Wednesday, March 31, 2010
Della Salute Cornmeal Crust Pizza
While living in Portland, John and I ordered pizza from Dove Vivi probably once per month. They have 2 vegan pizzas on the menu but will make their other pizzas vegan when requested. All pizzas are made with cornmeal crust. My mom visited us in Portland and we took her to Dove Vivi for dinner. Just a few weeks ago she asked me if I had ever tried to make the crust because she remembered how fantastic it was. The answer was no, until now!
I googled vegan cornmeal crust and found a ton of recipes. I chose the one with the least amount of oil and think that might have been a mistake! The crust had a nice flavor but was flat and a bit dry. I will not use this recipe again, but will keep searching for a balance of health and deliciousness!

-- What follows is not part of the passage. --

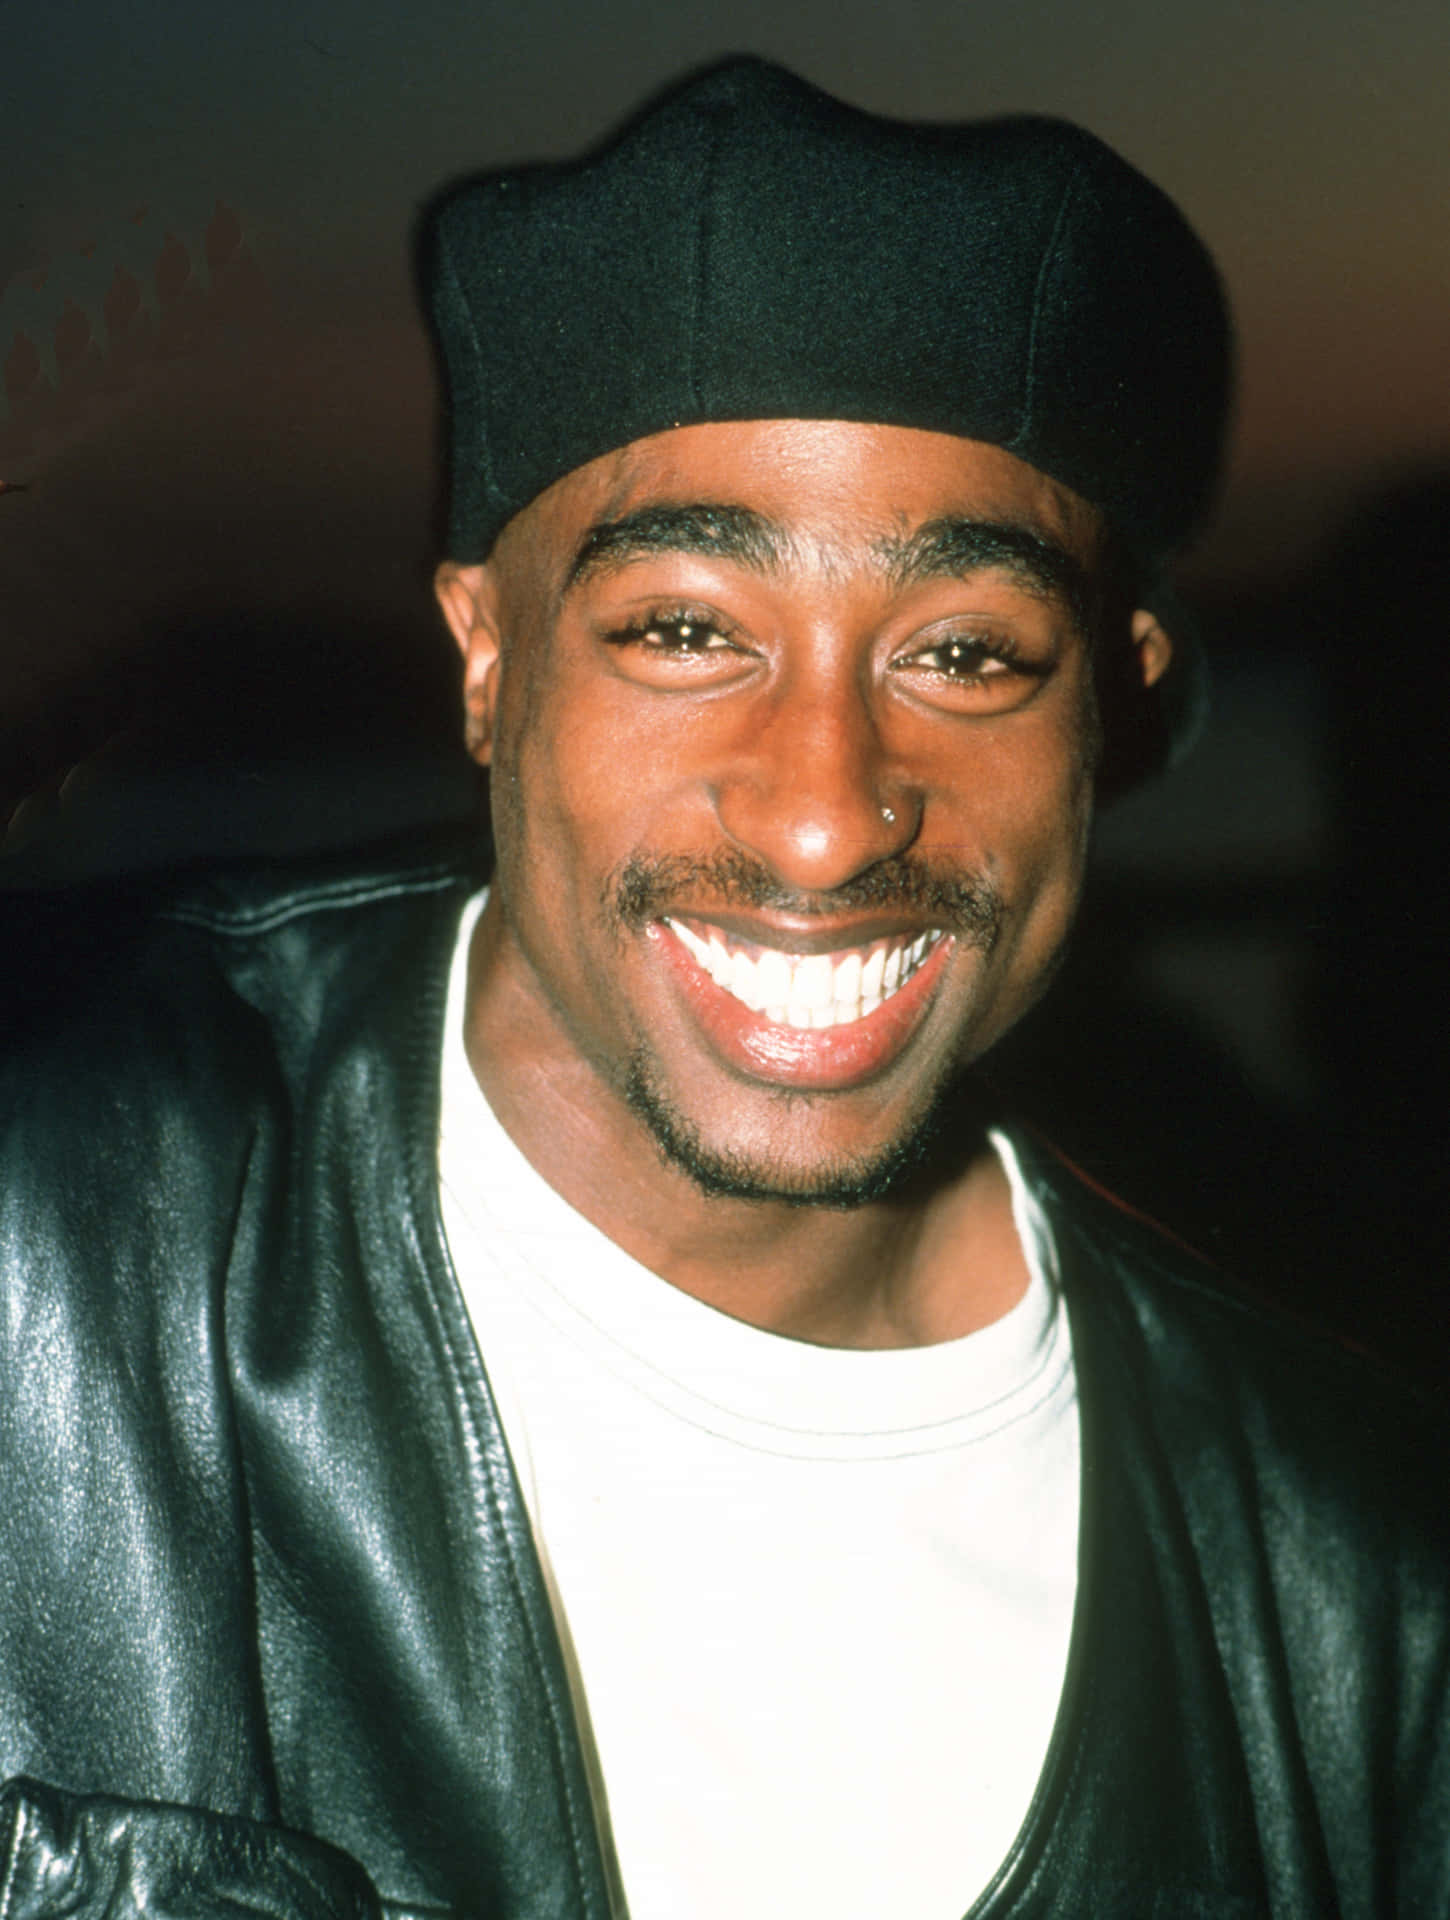 L'ereditàdi Tupac Shakur Continua A Vivere.

I baked the pizza in a cast iron skillet, making it easy to shape. Unfortunately, I forgot the pan had been in the oven when I grabbed the handle. After tears and 5 minutes of soaking my hand in ice water, all was well!
Della Salute is the name of the pizza I copied. It has roasted eggplant, marinated green peppers, caramelized onions, mushrooms, tomato sauce, and herbed tofu ricotta.
For the eggplant, I sliced one eggplant and then cut the slices into four pieces. I let them sit in a sprinkle of salt for a while, then rinsed, mixed with a little olive oil, and roasted for about 20 minutes.
The green peppers were washed, sliced in half, seeds removed, and brushed with olive oil. They roasted until the skins were black and then they were put into a covered dish to "sweat" for a while. The skins then peeled off very easily, they were sliced into thin strips and marinated in olive oil, balsamic vinegar, salt and pepper.
I followed this recipe for caramelized onions.
The mushrooms were not pre-cooked, only sliced and added to the pizza before it was baked. I cheated on the pizza sauce and bought a box. The tofu ricotta is from the Vegan Home-style cookbook and a favorite for pizza, lasagna, pasta, anything!